Starving Cancerous Tumors

Surrounded by her family, 51-year-old Martha Walker counts her blessings. She’s been married for 30 years, has five children and 14 grandchildren. Despite being told her chances of survival were slim, Martha is winning her battle against cancer.

Martha Walker, “I was so sick, let’s be honest, I thought I might pass away.”

Martha’s weapon is a new line of drugs being used to starve tumors to death.

For a tumor to grow, it must have blood vessels to feed it. This process is called angiogenesis. Now doctors in Houston are testing a drug called TNP-470. The drug is designed to stop blood vessels from growing and feeding the tumors.

Alfred Yung, M.D., neurologist & neuro-oncologist , M.D. Anderson Cancer Center, Houston, Texas, “I think it provides hope for cancer patients mainly because this is a whole new way of treating cancer.”

Here’s Martha’s lung tumor before treatment.
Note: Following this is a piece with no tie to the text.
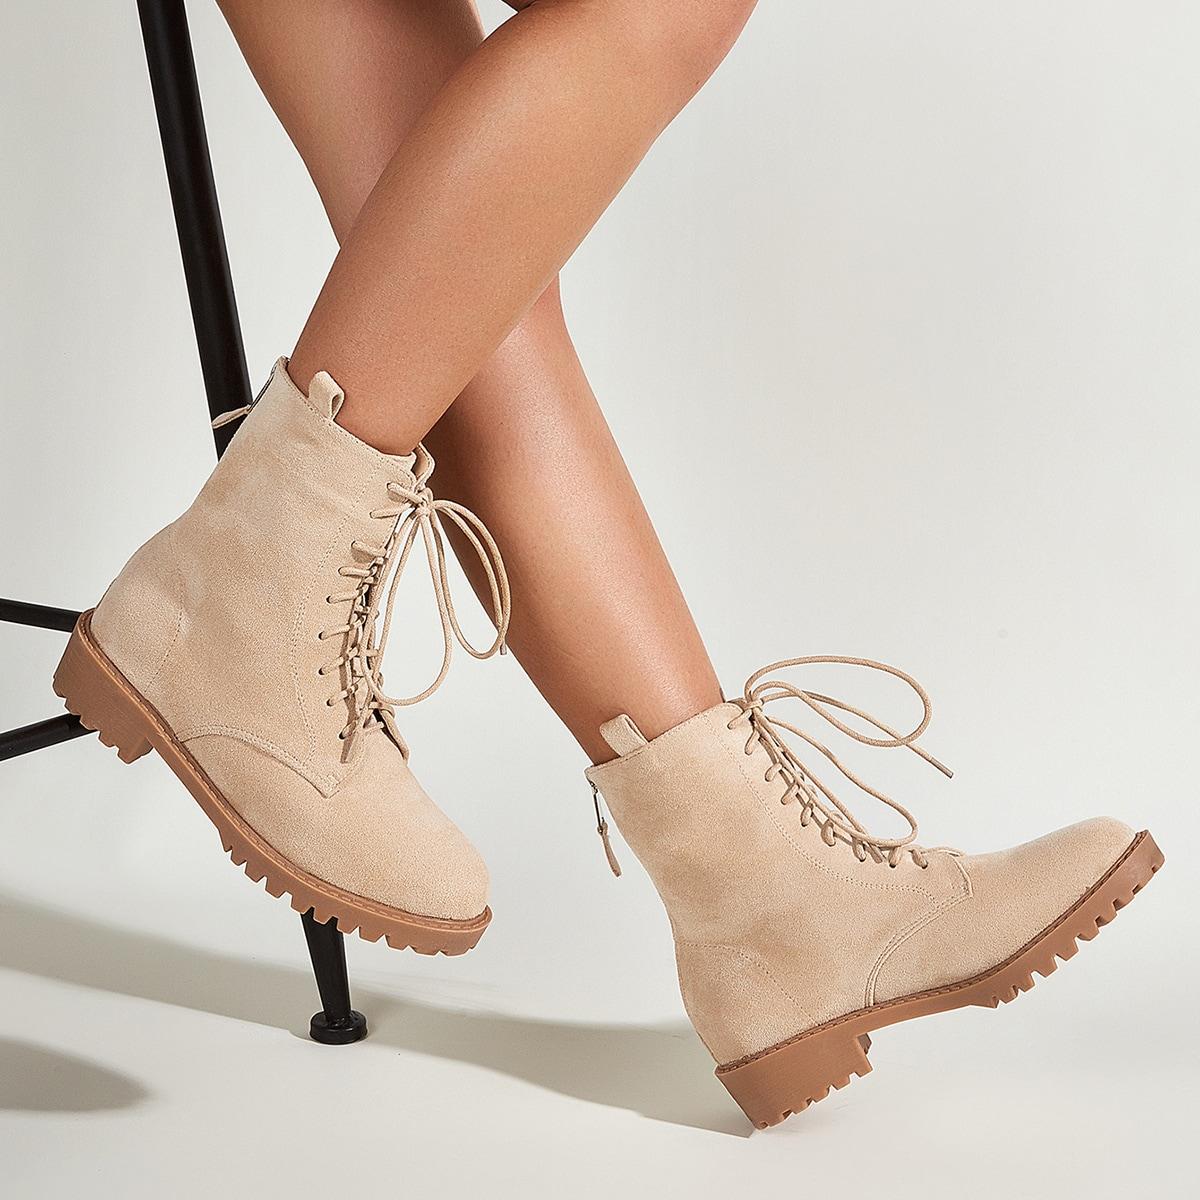 Замшевые сапоги на шнурках от SHEIN

And this is it after taking TNP-470. It disappeared.

Andrzej Kudelka, M.D., oncologist, M.D. Anderson Cancer Center, Houston, Texas, “We were really delighted and almost shocked to see actual shrinkage of the tumors.”

Martha Walker, “Now that the medicine worked and I’m doing great, I’m just thankful. I’m blessed. I really am.”

And she’ll be around to watch her grandchildren grow up.

The drugs are being tested on patients with cervical cancer, brain tumors, breast and prostate cancer. Another drug of the same type is thalidomide. That drug grabbed headlines in the 1960s because it caused severe birth defects. It is now being tested at centers around the United States.